Extending Eovaldi, as much as it could prove a smart investment, almost seems like a necessity. The Yankees can't expect to viably fill three-fifths of a starting staff through outside free agency in a pair of classes that figure to be pretty light. Sure, there is the talented but really expensive - Stephen Strasburg next year and Jake Arrieta and Tyson Ross the year after - but beyond that, it's not as good and still costly. Andrew Cashner, Jered Weaver and Clay Buchholz are some of the other names who will hit the market in 2016 and 2017.
Eovaldi's future is not without risk, so the Yankees might prefer a wait-and-see approach. The words "elbow" and "DL" in the same sentence are about as scary a thing as there is for a pitcher. In the comprehensive study they released last month, MLB Trade Rumors named him the Yankees' top Tommy John surgery risk along with Tanaka.

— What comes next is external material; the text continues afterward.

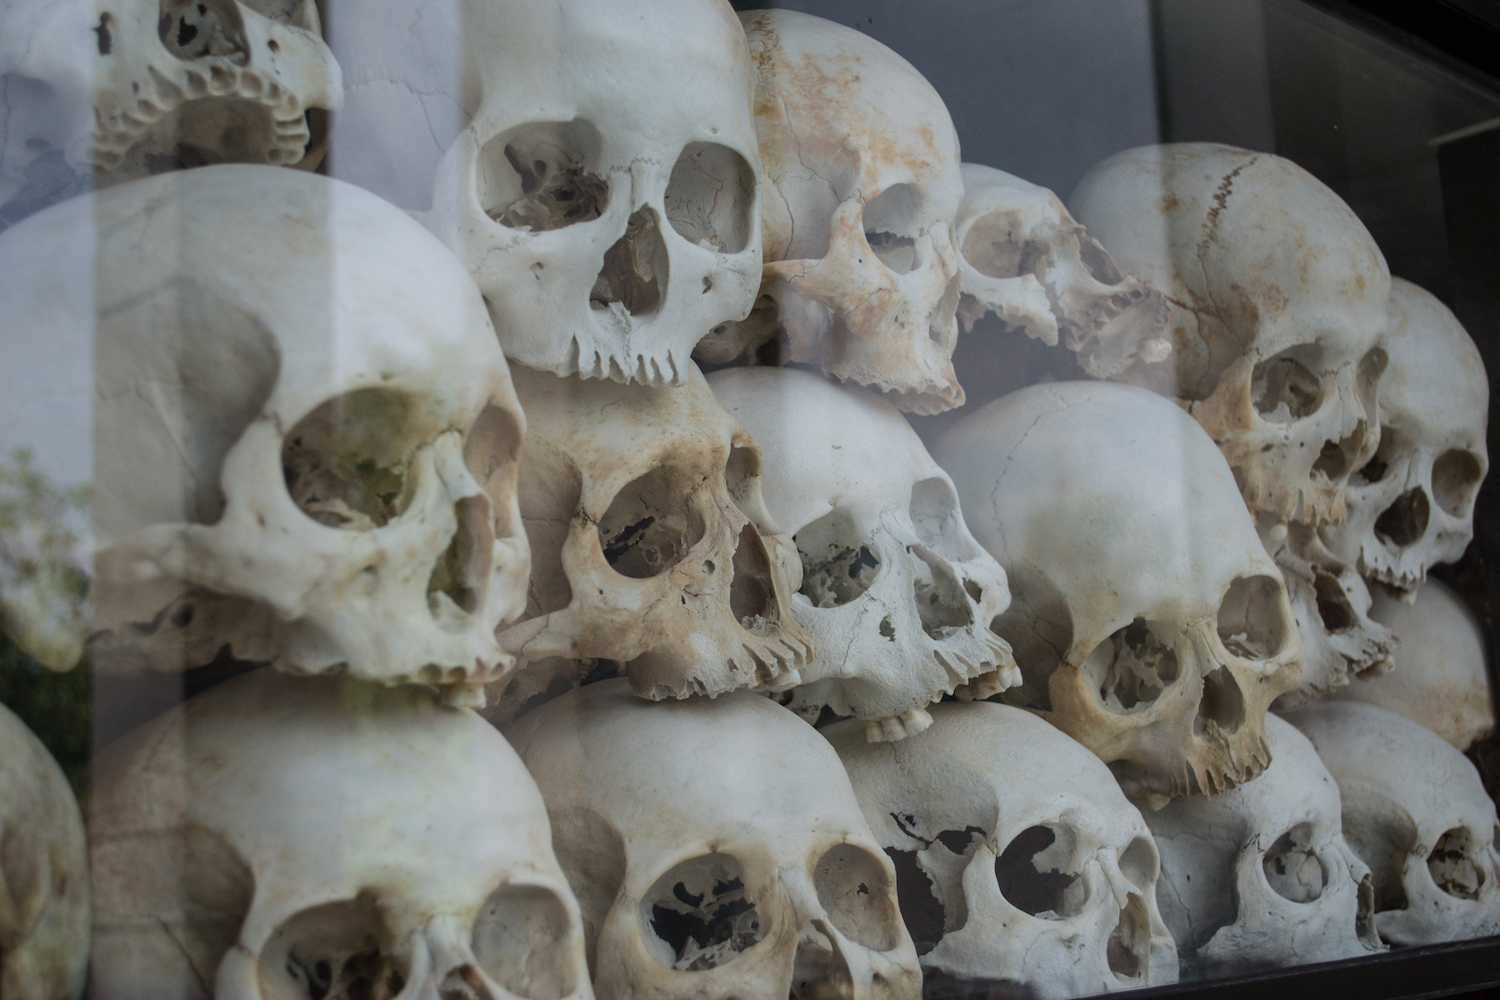 Skulls seen through the glass at the Killing Fields in Phnom Penh, Cambodia.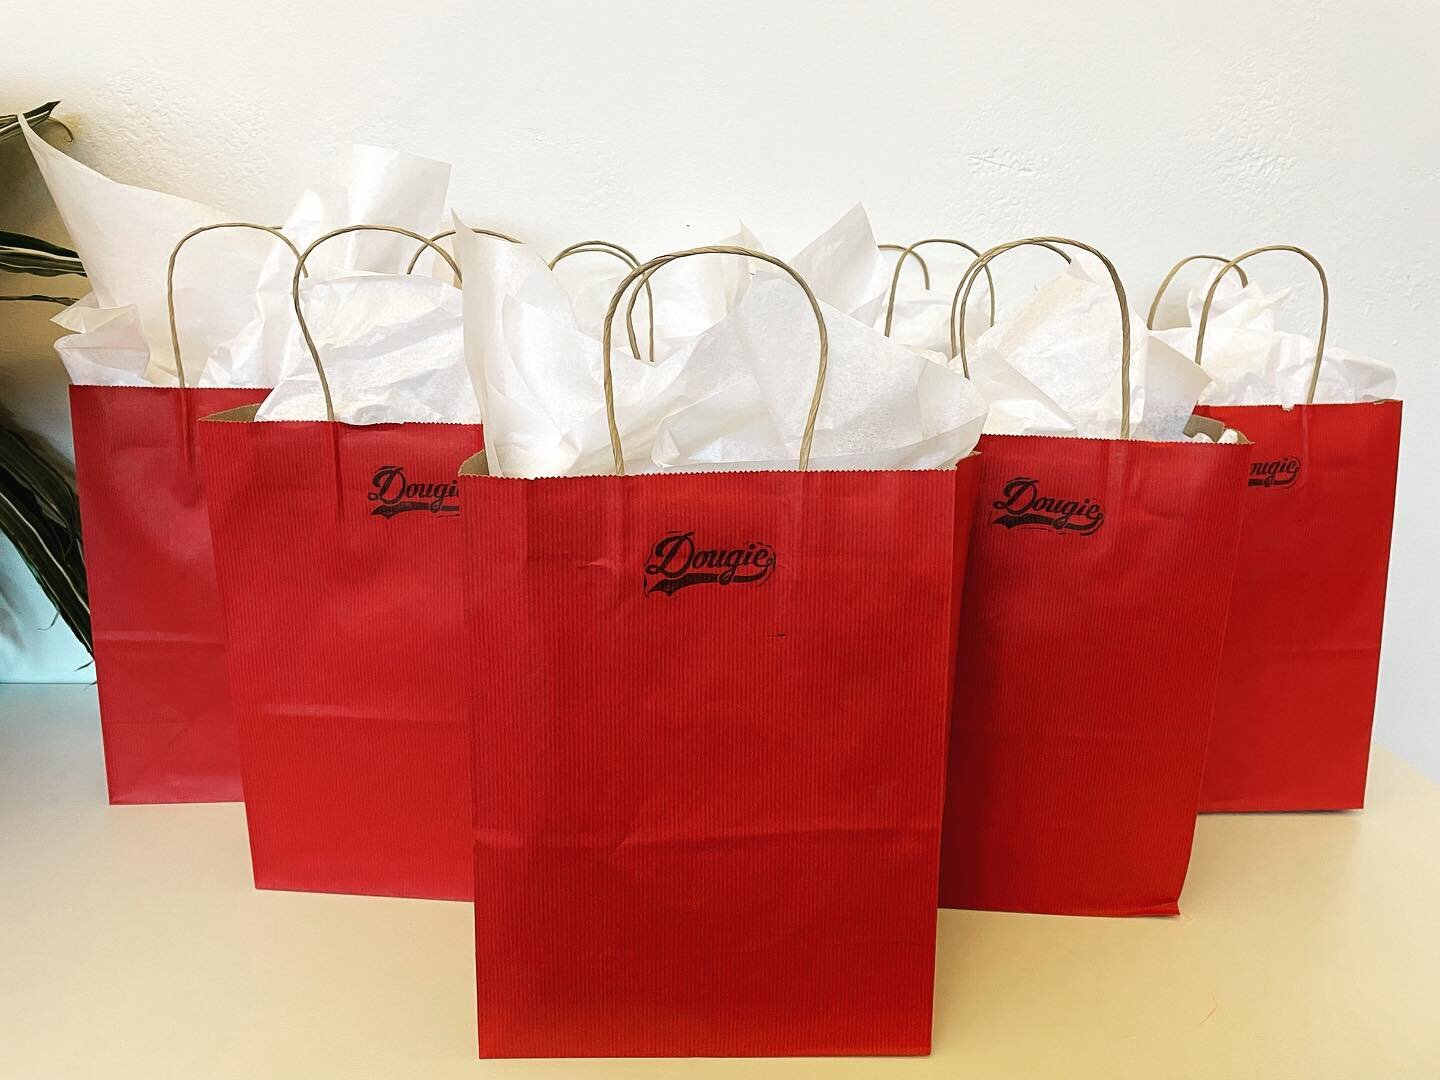 Don&rsquo;t forget to stop by the Leasing Office this week for your Dougie swag bag while supplies last! Can confirm: They are stocked with sweet surprises ☕️ 👀

While Eovaldi showed a lot of promise last year, improving on what were his weaknesses in Miami, he still hasn't had a breakout year. The three seasons in which he's made 20 starts or more have produced ERA's of 4.30, 4.37 and 4.20. Teams have paid big for potential before - the Reds in 2014 with Homer Bailey and the Red Sox last year with Rick Porcello - and those teams wound up guaranteeing over $187 million combined to a pair of pitchers who have since sputtered in their development.
The fact that Eovaldi isn't a sure bet, though, is why he could still be relatively affordable, and that's a window that could quickly slam shut. With two years left before free agency, he's beyond the point of "cheap," but if the Yankees were to strike now, they might still get him on a five or six-year deal with an average annual value in the teens, not the twenties.
That deal, if it kicked off in 2017, would start at age 27 and end at 31 or 32, not 35 like the free agent contracts signed by Jeff Samardzija and Johnny Cueto this winter. To avoid a pitching doomsday in two years that would usher in the same "got no choice mentality" that's still paying Sabathia, the Yankees need to sign someone. Eovaldi's age and upward mobility make him their best bet.